#### [RECORDED INFORMATION]
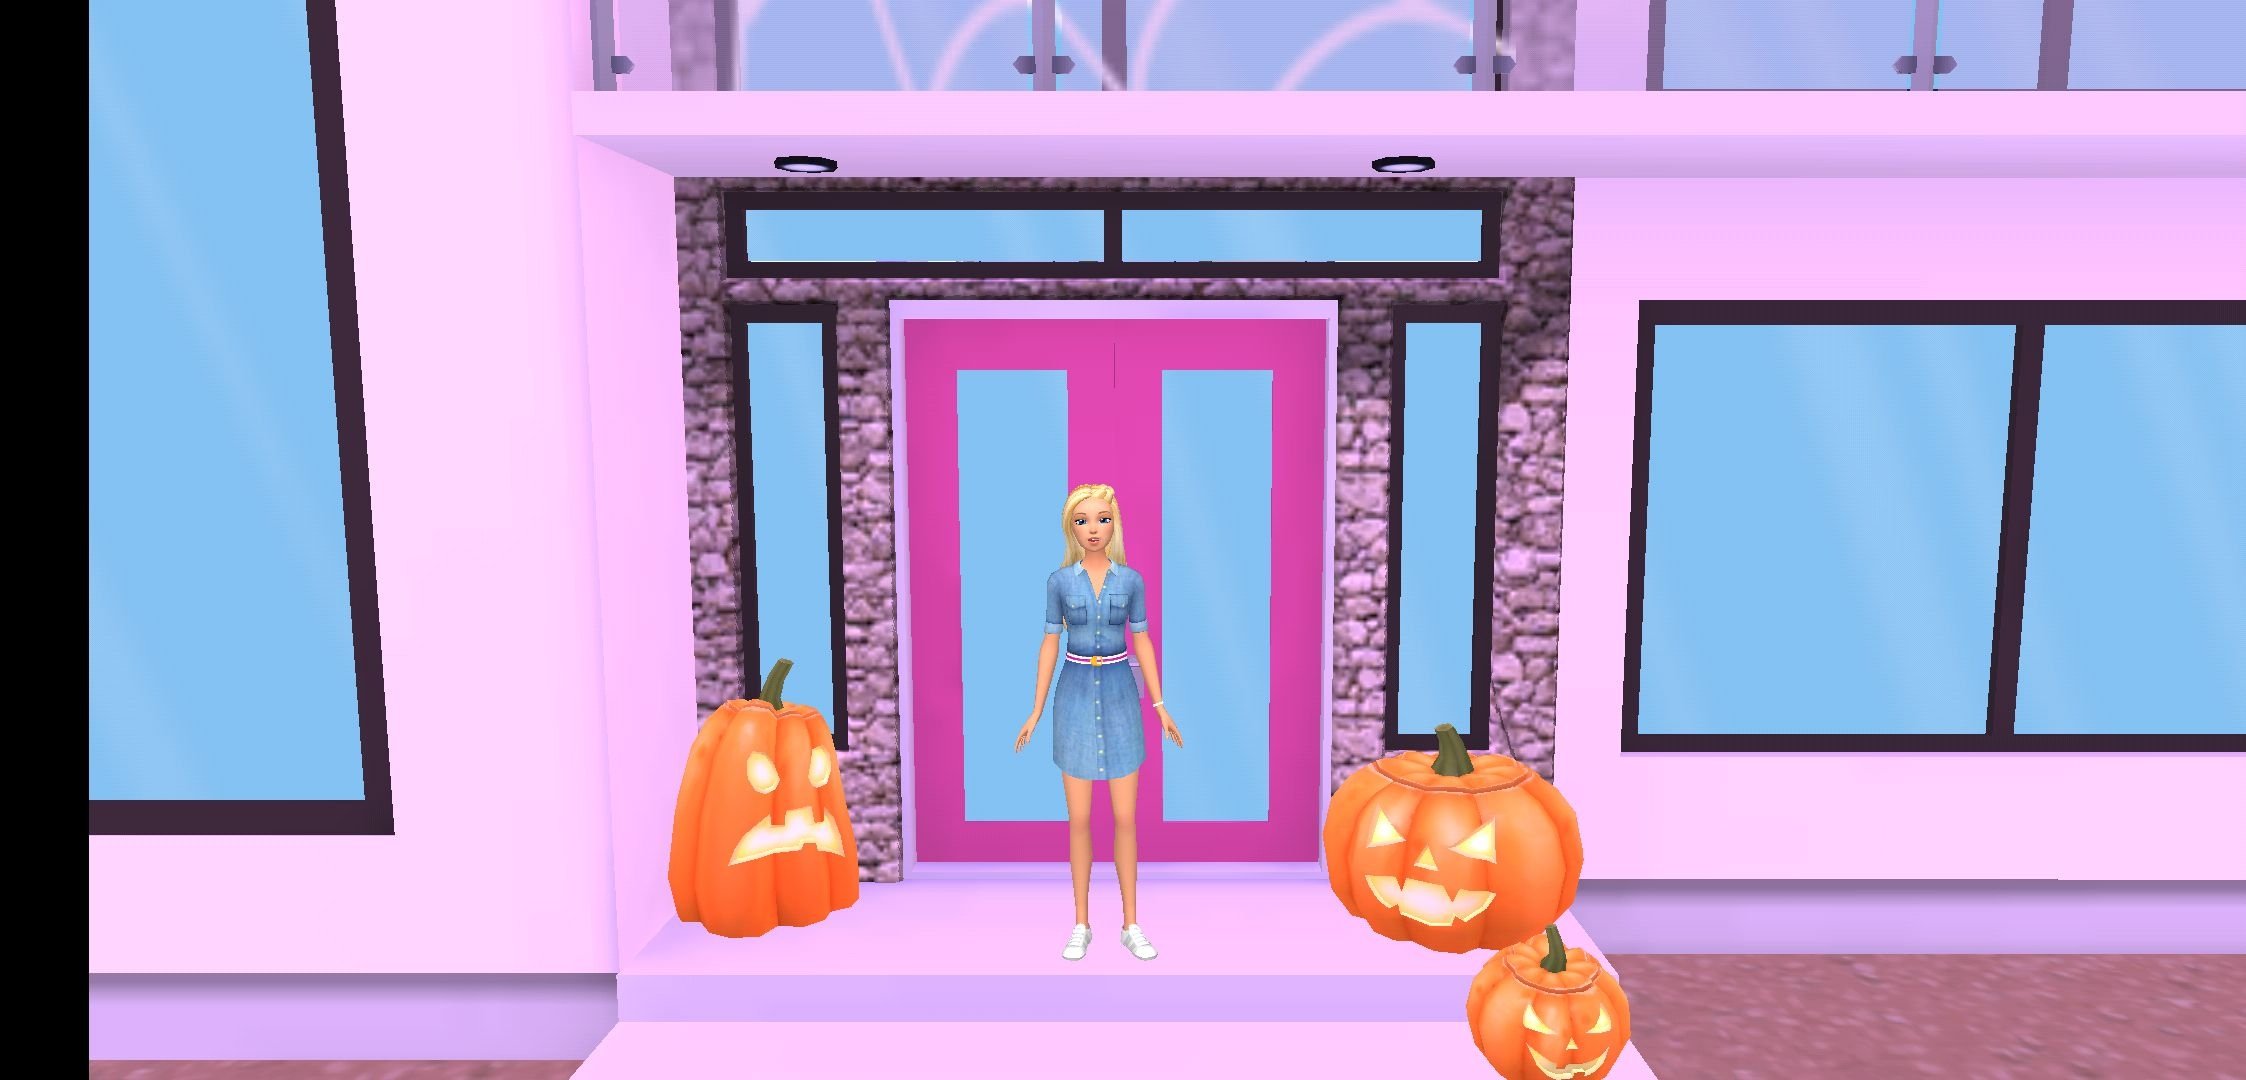 Baixar Barbie Dreamhouse Adventures 2021.10 Android - Download APK Grátis
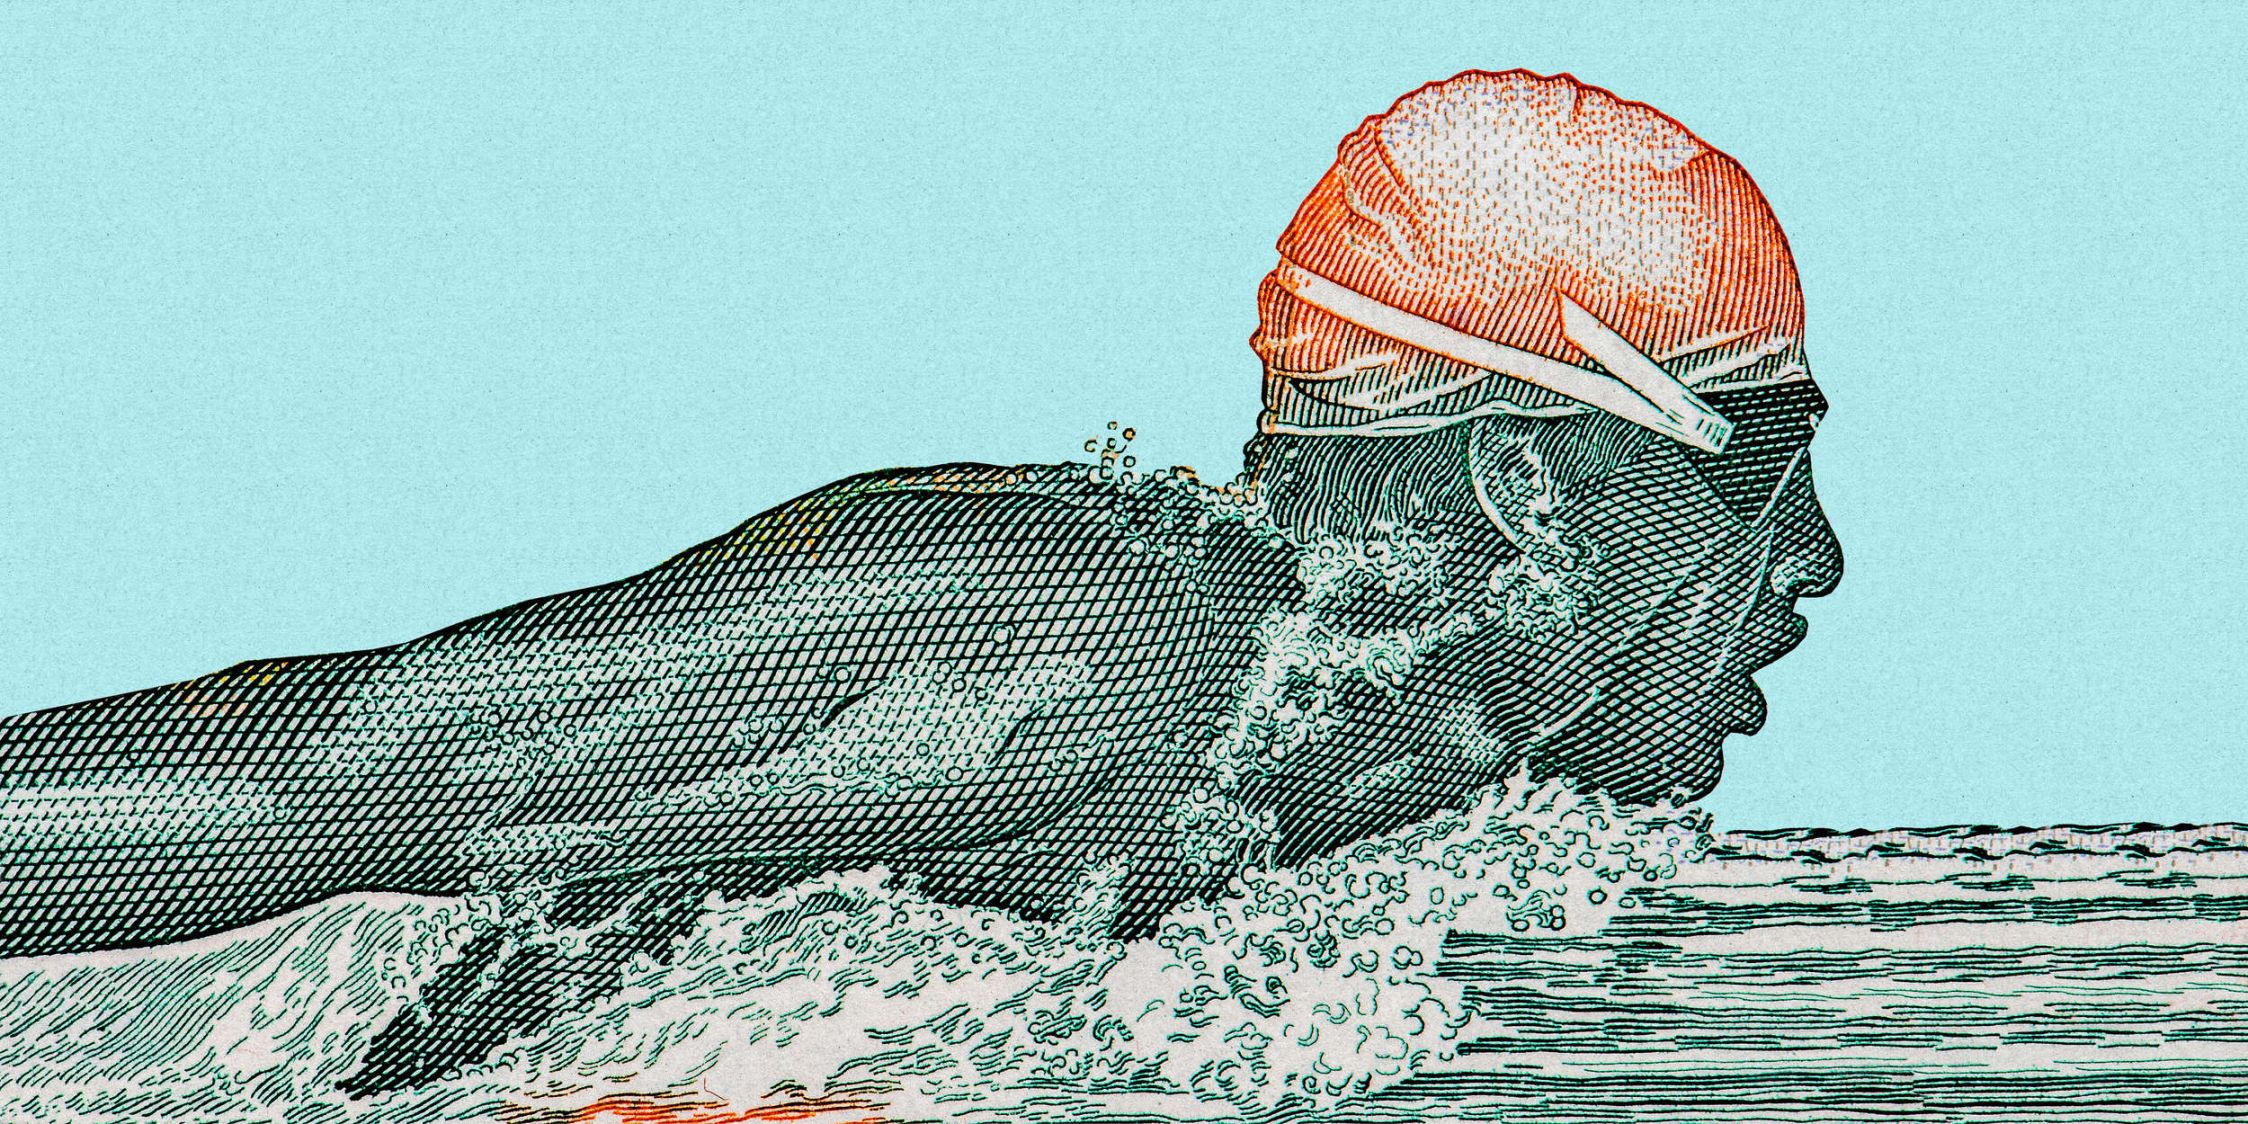             Fotomurali »aquaman« - Disegno del nuotatore in pixel - benzina con texture in carta kraft | Materiali non tessuto premium liscio e leggermente lucido
        
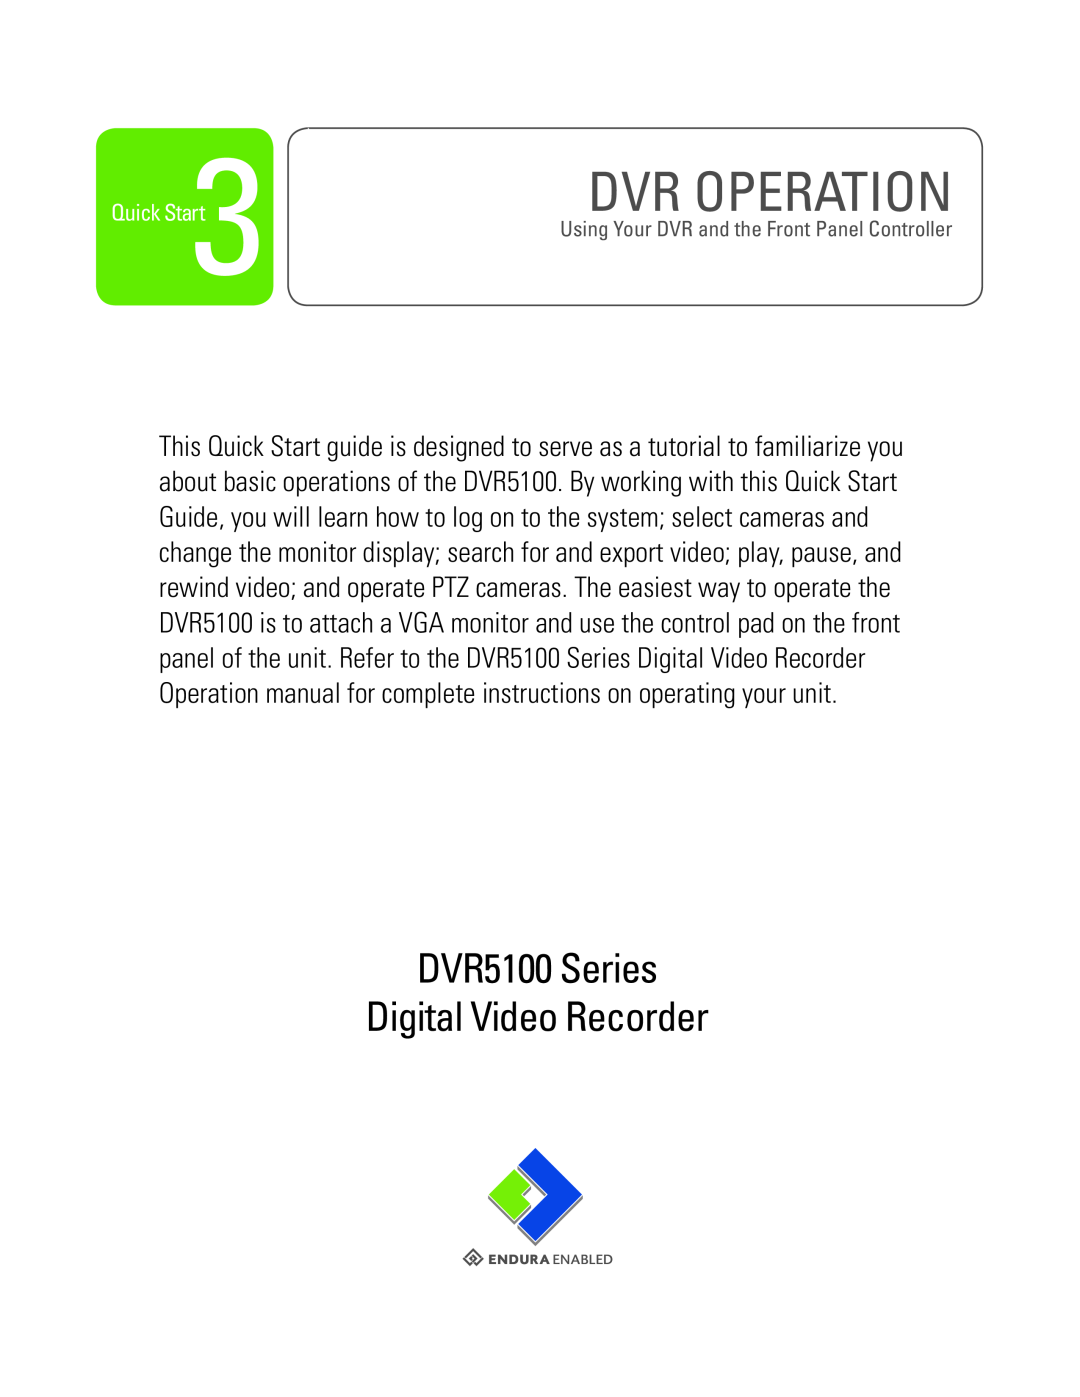 Pelco quick start Dvr Operation, DVR5100 Series Digital Video Recorder, Quick Start 
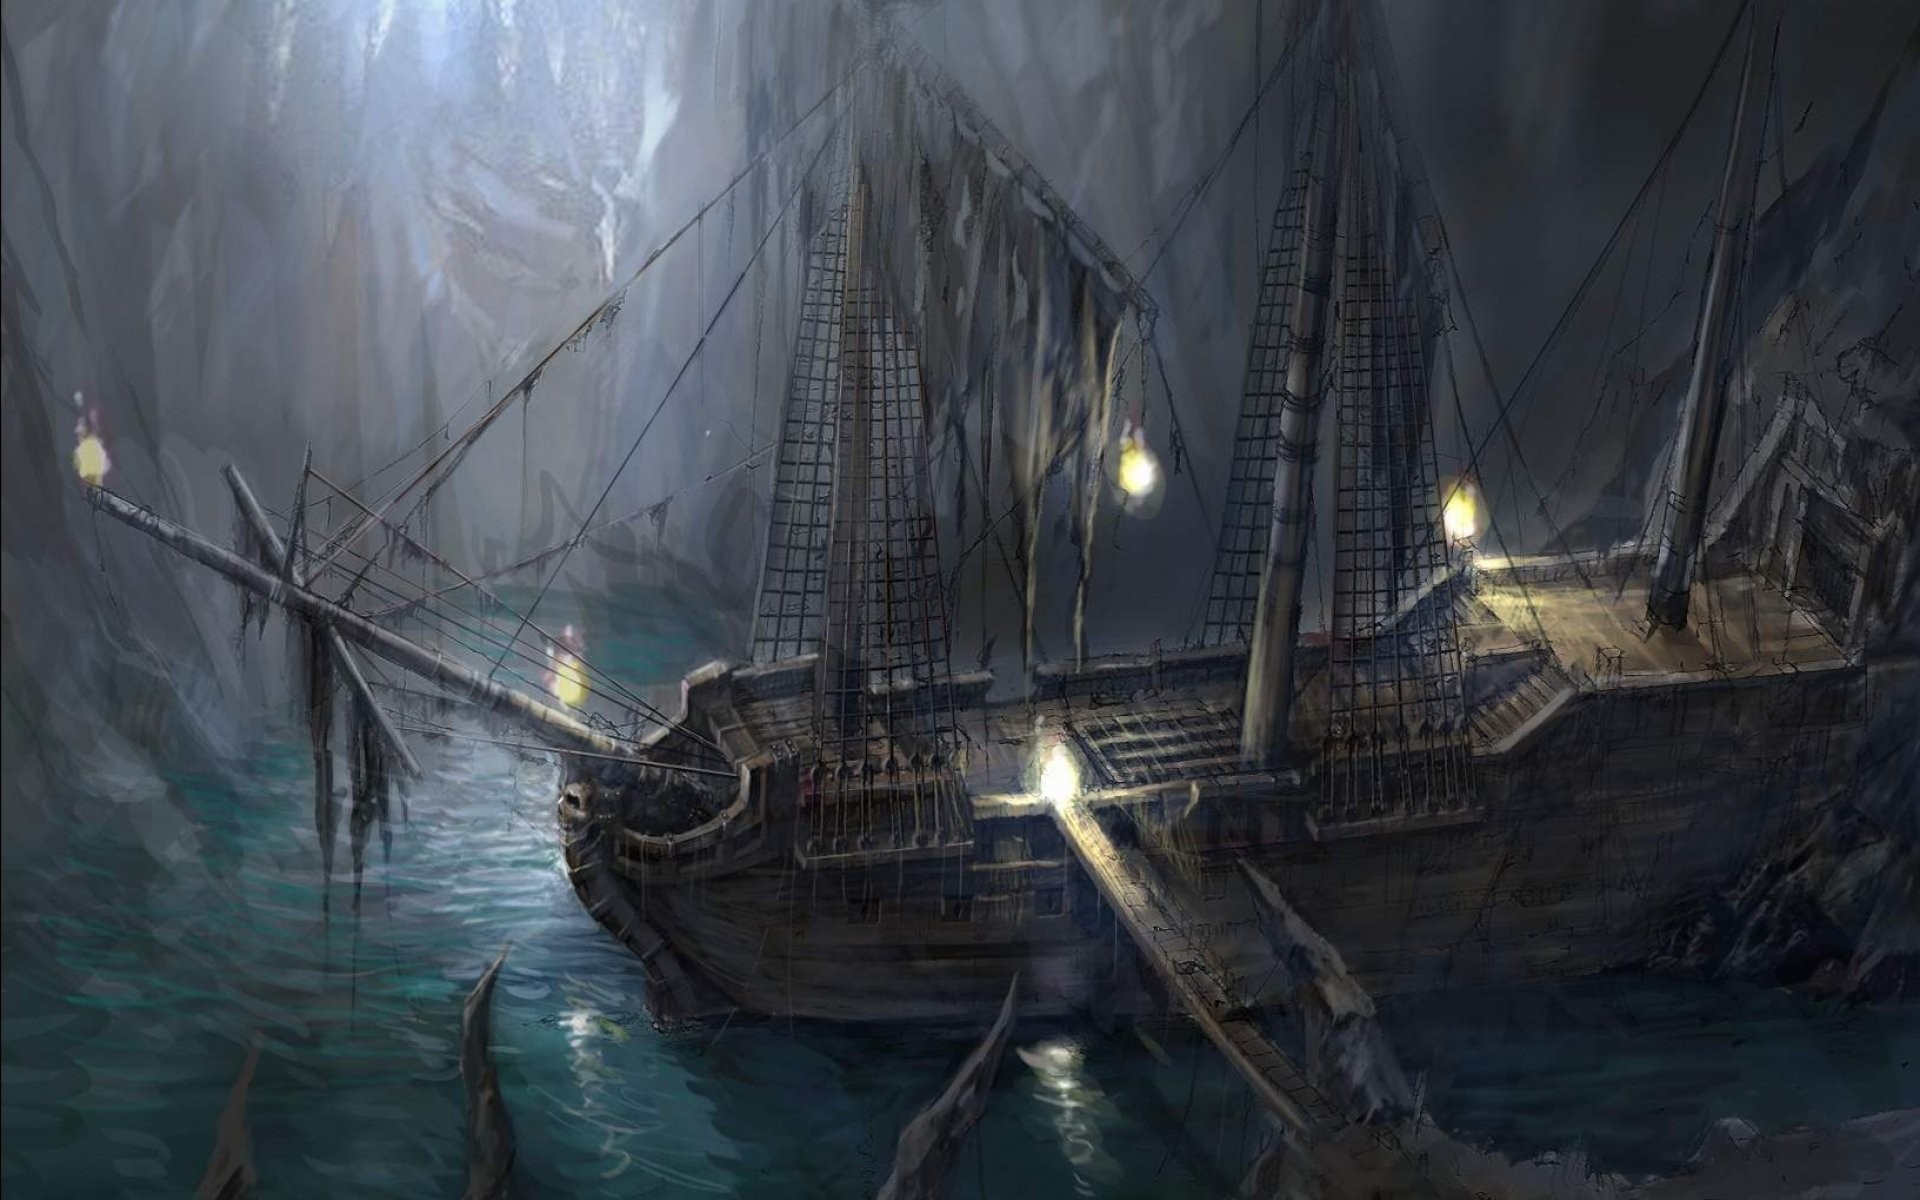 Cave Pirate Ship Fantasy Art - HD Wallpaper

#### [EXERCISE]
What you need to copy is the run of lines from the one holding "Pelco quick start" through the end of the data, exactly and only, both ends included, pictures omitted.

#### [RESPONSE BOX]
 Pelco quick start Dvr Operation, DVR5100 Series Digital Video Recorder, Quick Start 
 Cave Pirate Ship Fantasy Art - HD Wallpaper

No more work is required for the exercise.